“It does seem lonesome, somehow. The fancy may go off in a day or two.”

“I don’t know, sir: it’s to be hoped it will. Master Johnny, as true as that we are sitting here, when I got out of Mr. Coney’s dog-cart and put my foot over the threshold to enter, a fit of trembling took me all over. There was no cause for it: I mean I was not thinking of anything to give it me. Not a minute before, I was laughing; for the man had been telling me a joking story of something that happened yesterday at his master’s. A strange fear seemed to come upon me all at once as I stepped over the threshold, and I began to shake from head to foot. Hill stared at me, and at last asked if it was the cold; I told him truly that I did not know what it was; except that it seemed like some unaccountable attack, for I was well wrapped up. He had some brandy in a bottle, and made me drink a drop.

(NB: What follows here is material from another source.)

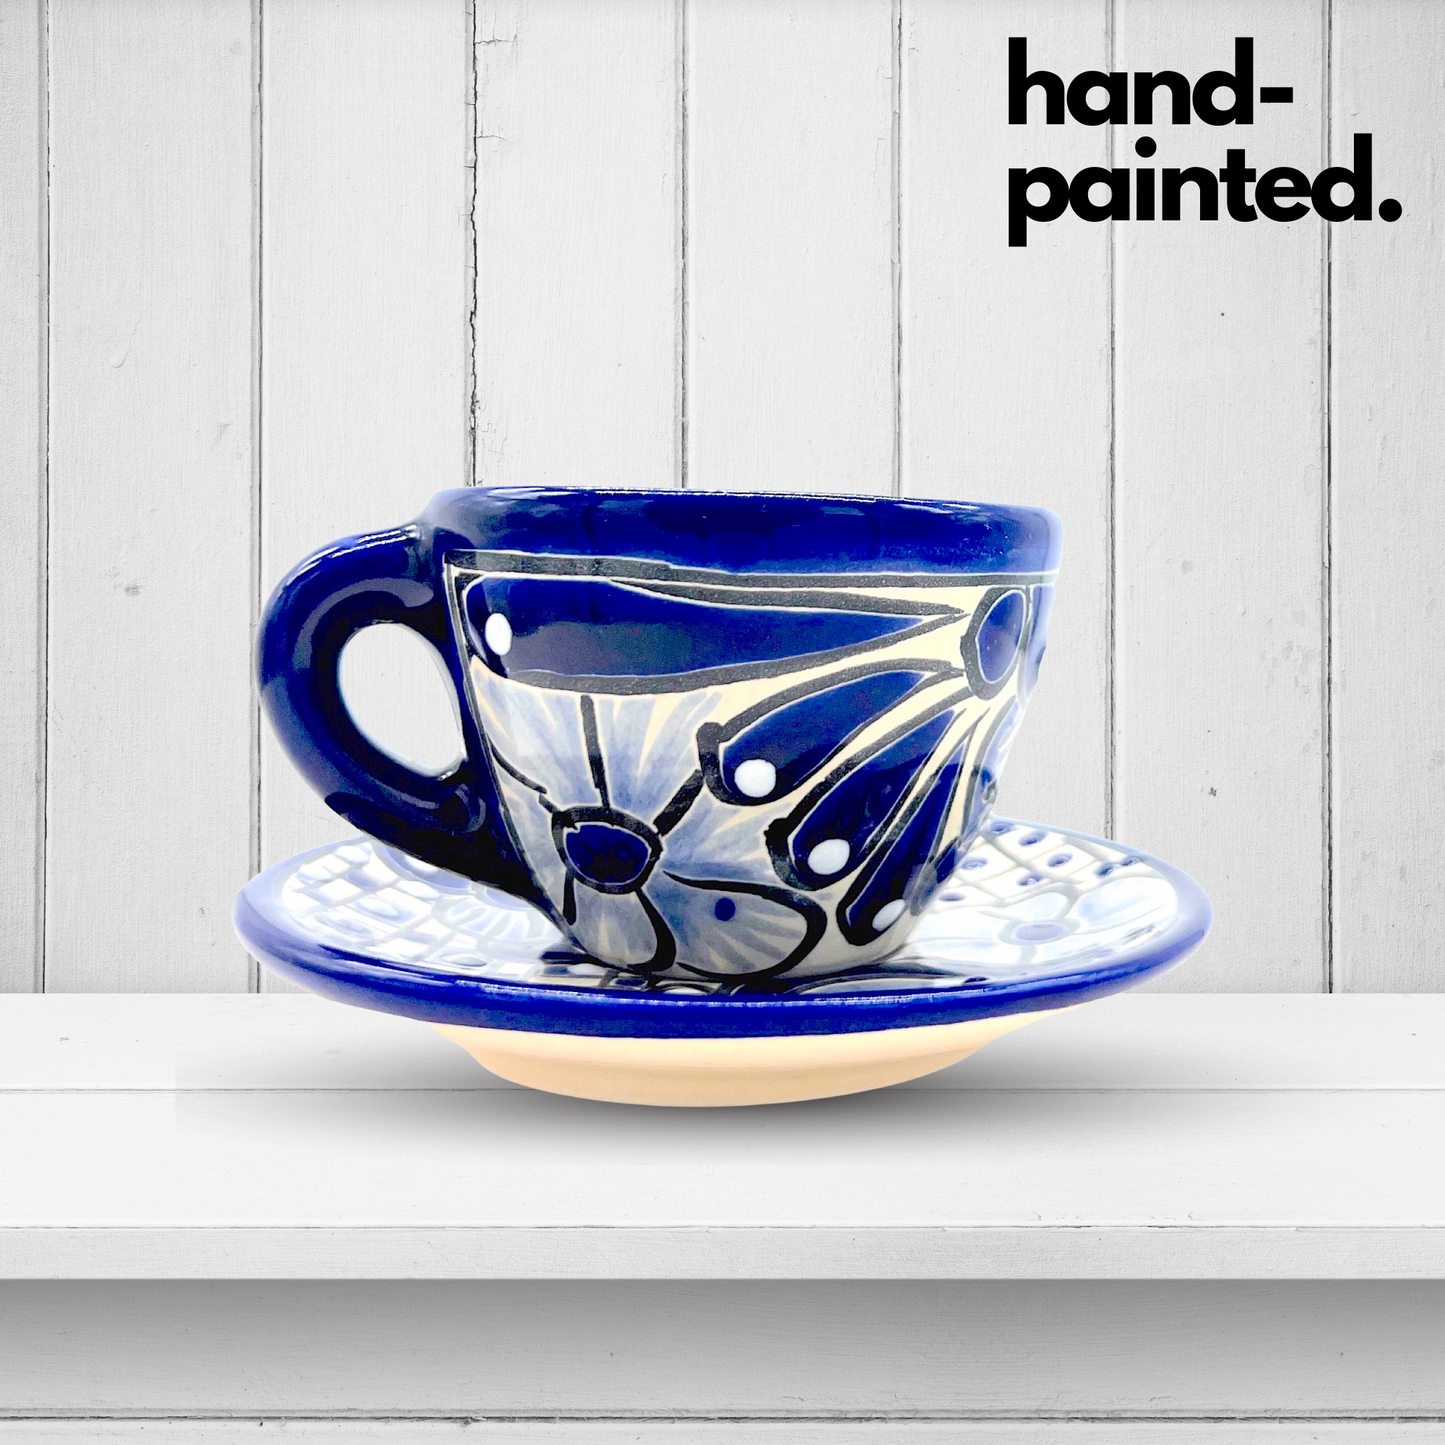 A blue and white, floral, hand-painted Talavera ceramic espresso cup and saucer set, bringing vibrant Mexican culture to your morning coffee ritual.

The fit went off; but I have had a queer lonesome feeling on me ever since, as if the house was not one to be alone in.”

“And you have been alone, I suppose?”

“Every bit of the time, save when Hill came in to his dinner. I don’t remember ever to have had such a feeling before in broad daylight. It’s just as if the house was haunted.”

Not believing in haunted houses, I laughed. Mrs. Hill got up to stir the fire. It blazed, and cast her shadow upon the opposite wall.

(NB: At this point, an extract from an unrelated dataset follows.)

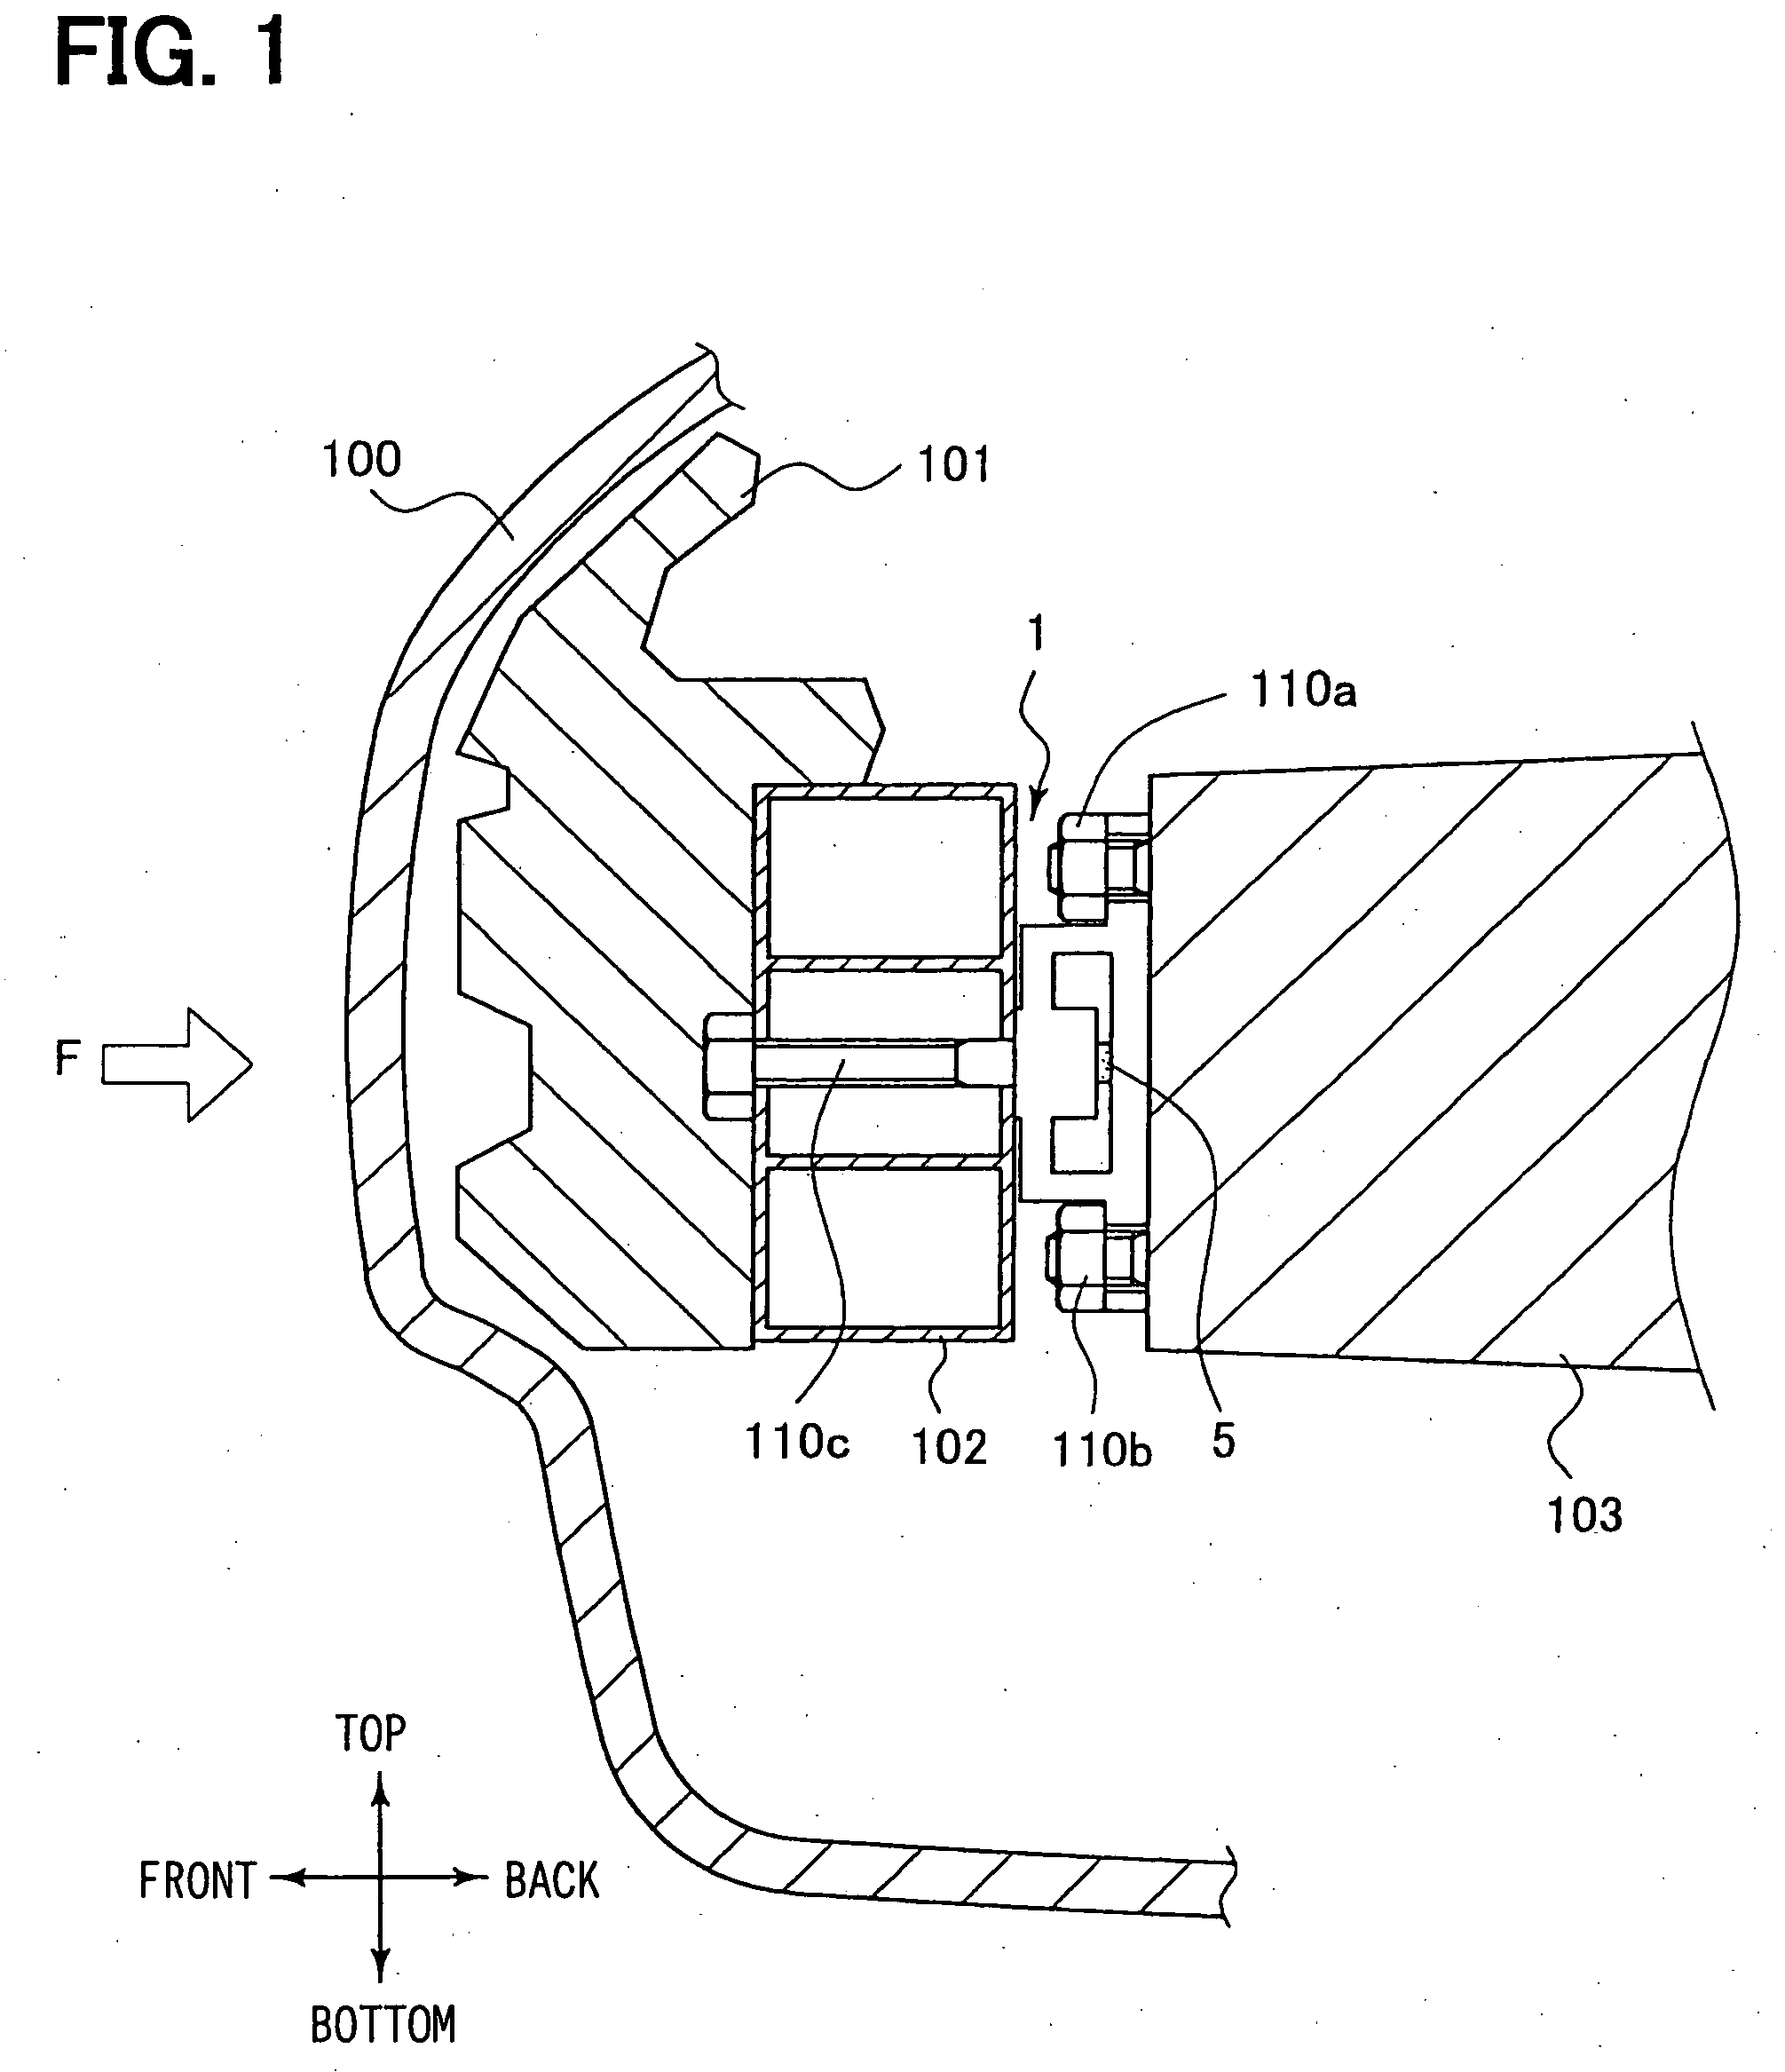 Load-detecting device

“When dusk came on, I could hardly bear it. But for your coming in, Master Johnny, I should have stood at the door in the cold, and watched for Hill: things don’t feel so lonely to one out of doors as in.”

So it seemed that I was in for a stay—any way, till Hill arrived. After this, it would not have been very kind to leave her alone; she looked so weak and little.

“I’ve never liked the thought of moving here from the first,” she went on; “and then there came the accident to my foot. Some people think nothing at all of omens, Master Johnny, but I do think of them. They come oftener than is thought for too; only, so few take notice of them. I wish Davy was back! I can’t bear to be in this house alone.”

“David is at Worcester, I heard Hill say.”

“He went yesterday morning, sir. I expected a letter from him to-day; and it is very curious that none have come. Davy knew how anxious I was about mother; and he never fails to write when he’s away from me. Somehow, all things are going crooked and cross just now. I had a fright the night before last. Master Johnny, and I am hardly quit of it yet.”